‘You can chose your friends but you can’t chose you family’.
For a longtime I felt very bitter and unjust at the death of my mum and then my sister. ‘Why me?’. Of all the kids in my school why was I the one who’s mummy had to die. Why was I the one who felt so alone? It just didn’t seem fair that I was expected to deal with all this pain. When my sister died I felt so confused. ‘Surely not again’. Why was this happening to me? To us? I played a victim. I used their deaths and the events surrounding them as reasons for not doing, going, having and being what I wanted. This was a powerless and bleak way to live. Believing that things were happening to me and I had no choice within those things. I know now that that isn’t the case.
We always have a choice no matter what is happening to us. That choice is how we choose to think and thus feel. If we allow someone to anger us, upset us, annoy us then we are allowing them to take our peace.
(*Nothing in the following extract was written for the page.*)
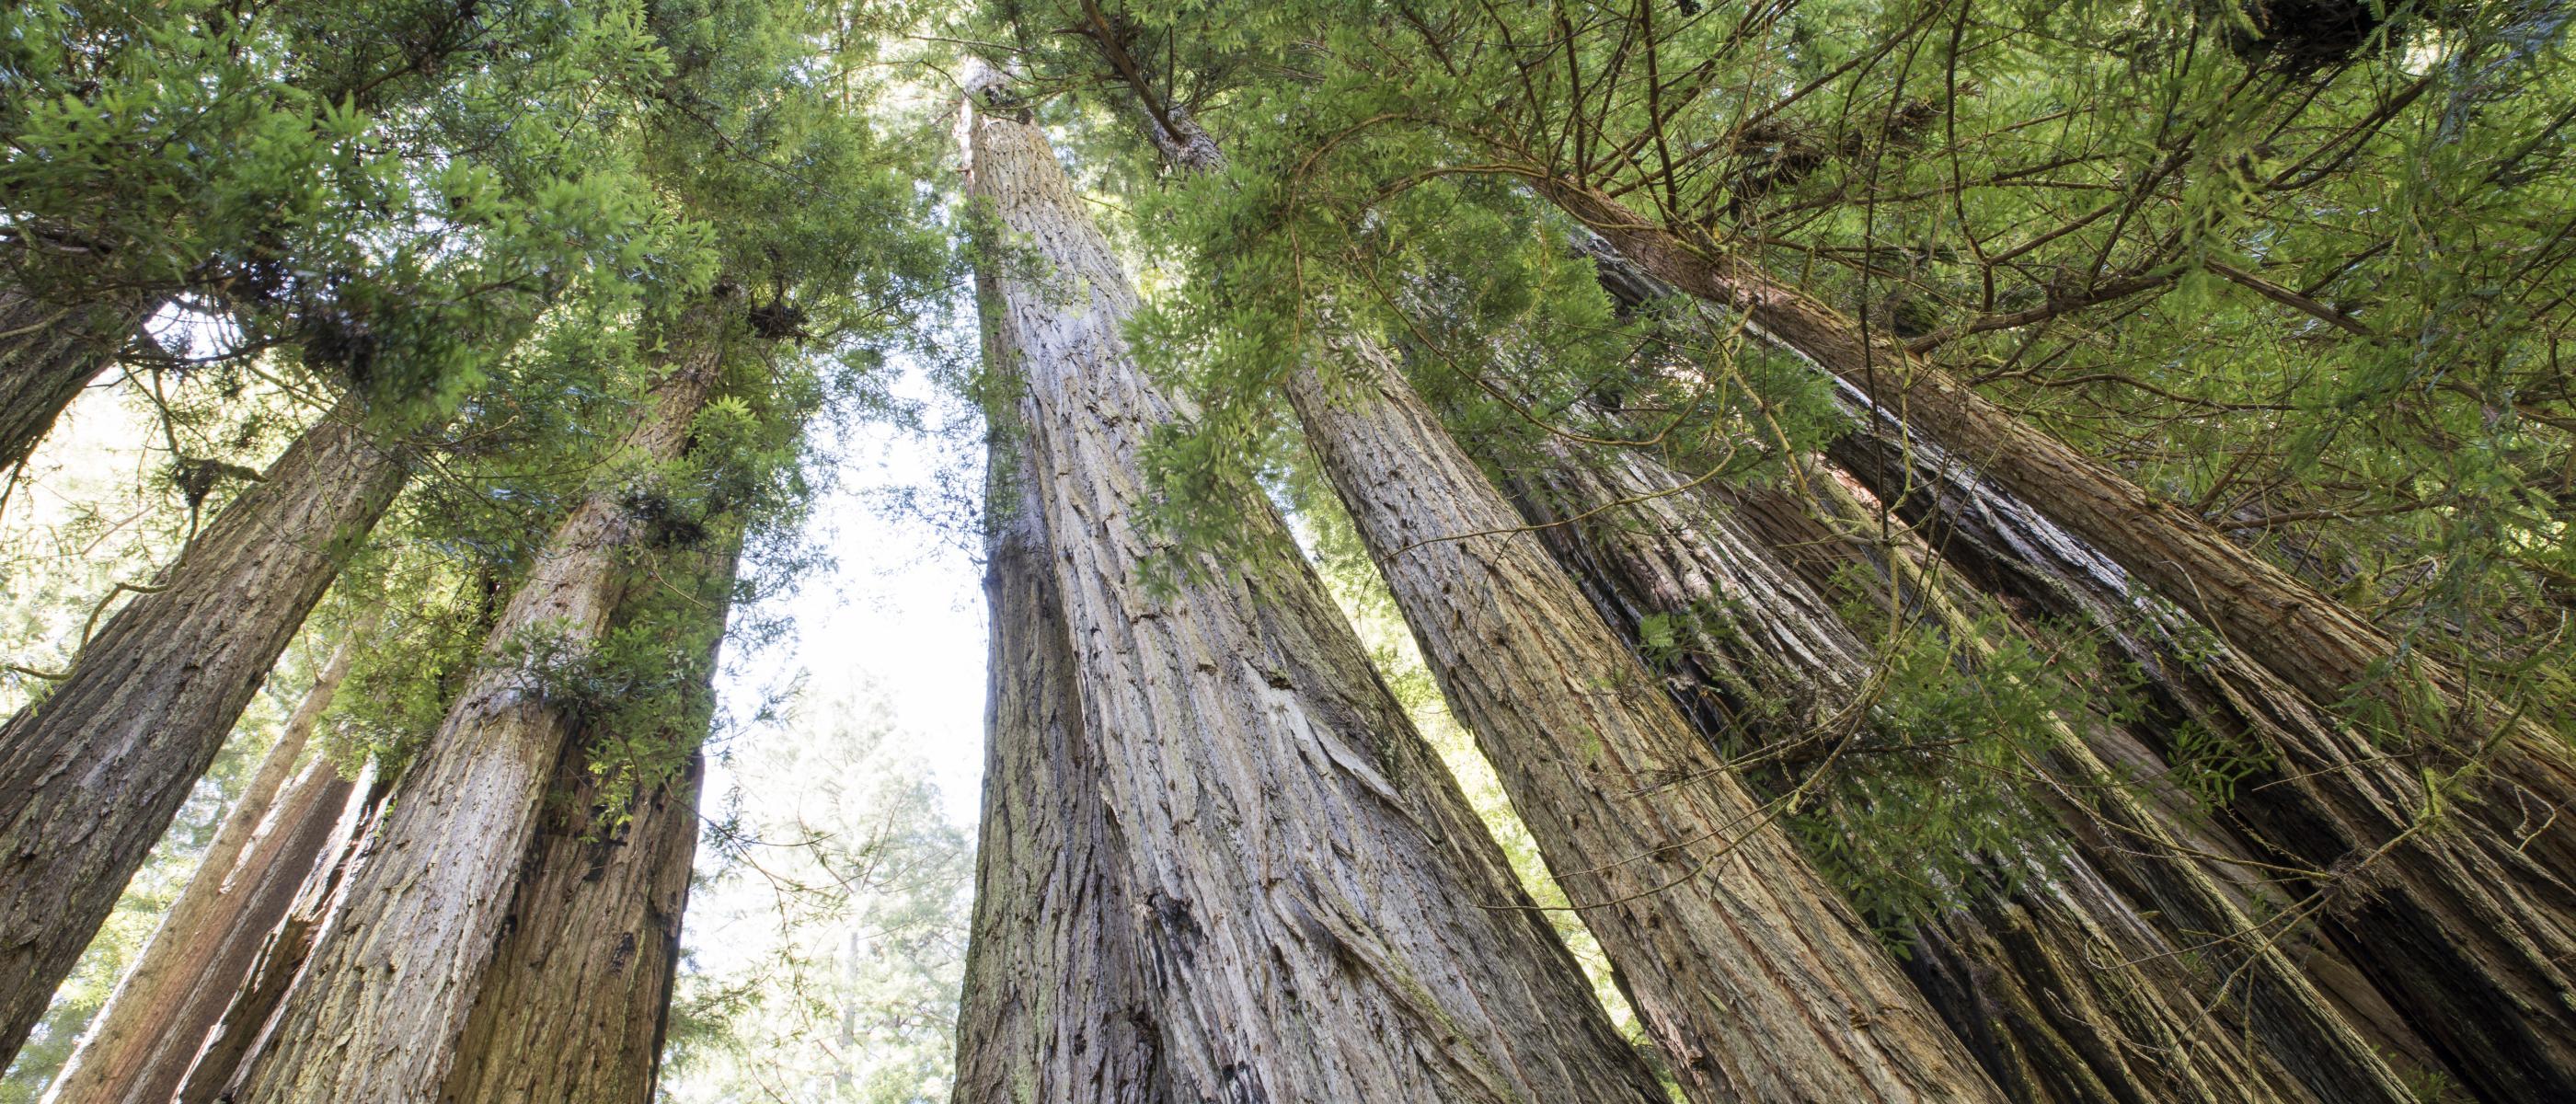 Redwood trees in Prairie Creek State Park
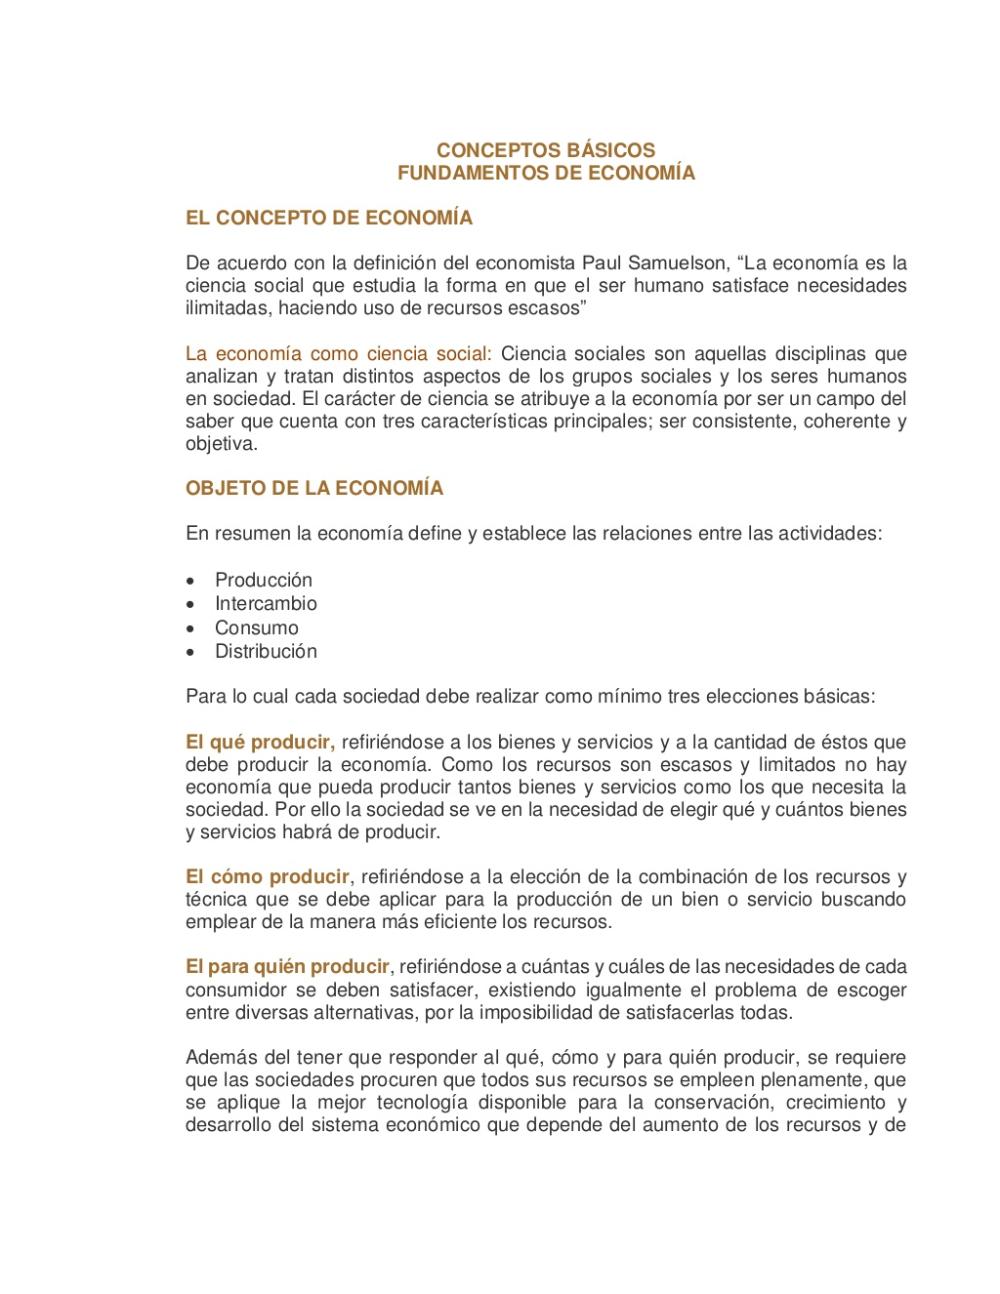 Conceptos Básicos De Economía Economia Ciencias Sociales Concepto

We are losing our power. Cultivating this kind of power and peace is something that I continue to work on and I believe I will work on for the rest of this lifetime. I love that. I love that I am capable of constant growth. Growth that makes a difference to how much joy I experience every single day. Once I stopped making things and other people responsible for my joy then the game changed.
There are still situations where I lose my power. Where I allow old thought patterns and emotions to overwhelm me. What I have found is that when I go to this place and act from this place it doesn’t make me feel good. This is something I have been working through. This doesn’t mean always being lovely and charming to people who can not and do not offer the same respect. It simply means working on yourself enough that those people can no longer trigger you. So that no matter what they do you remain in your place of peace.
Most importantly I wanted to share the sentiment that we are here to learn. That with every experience negative or positive comes an opportunity to learn more about ourselves and to find a deeper sense of peace so that no matter what is going on around us we can not be moved. I have chosen to see the deaths of my mum and sister as paths to deeper learning and understanding. I have chosen to see how their passing shines a light on just how precious life is and just how lucky I am to be here. I believe that they would want me to be happy and have the best life. I know that they would have loved to have continued their time here but that was not the plan for them. What it means to me is that I am blessed and this blessing called life should not be squandered.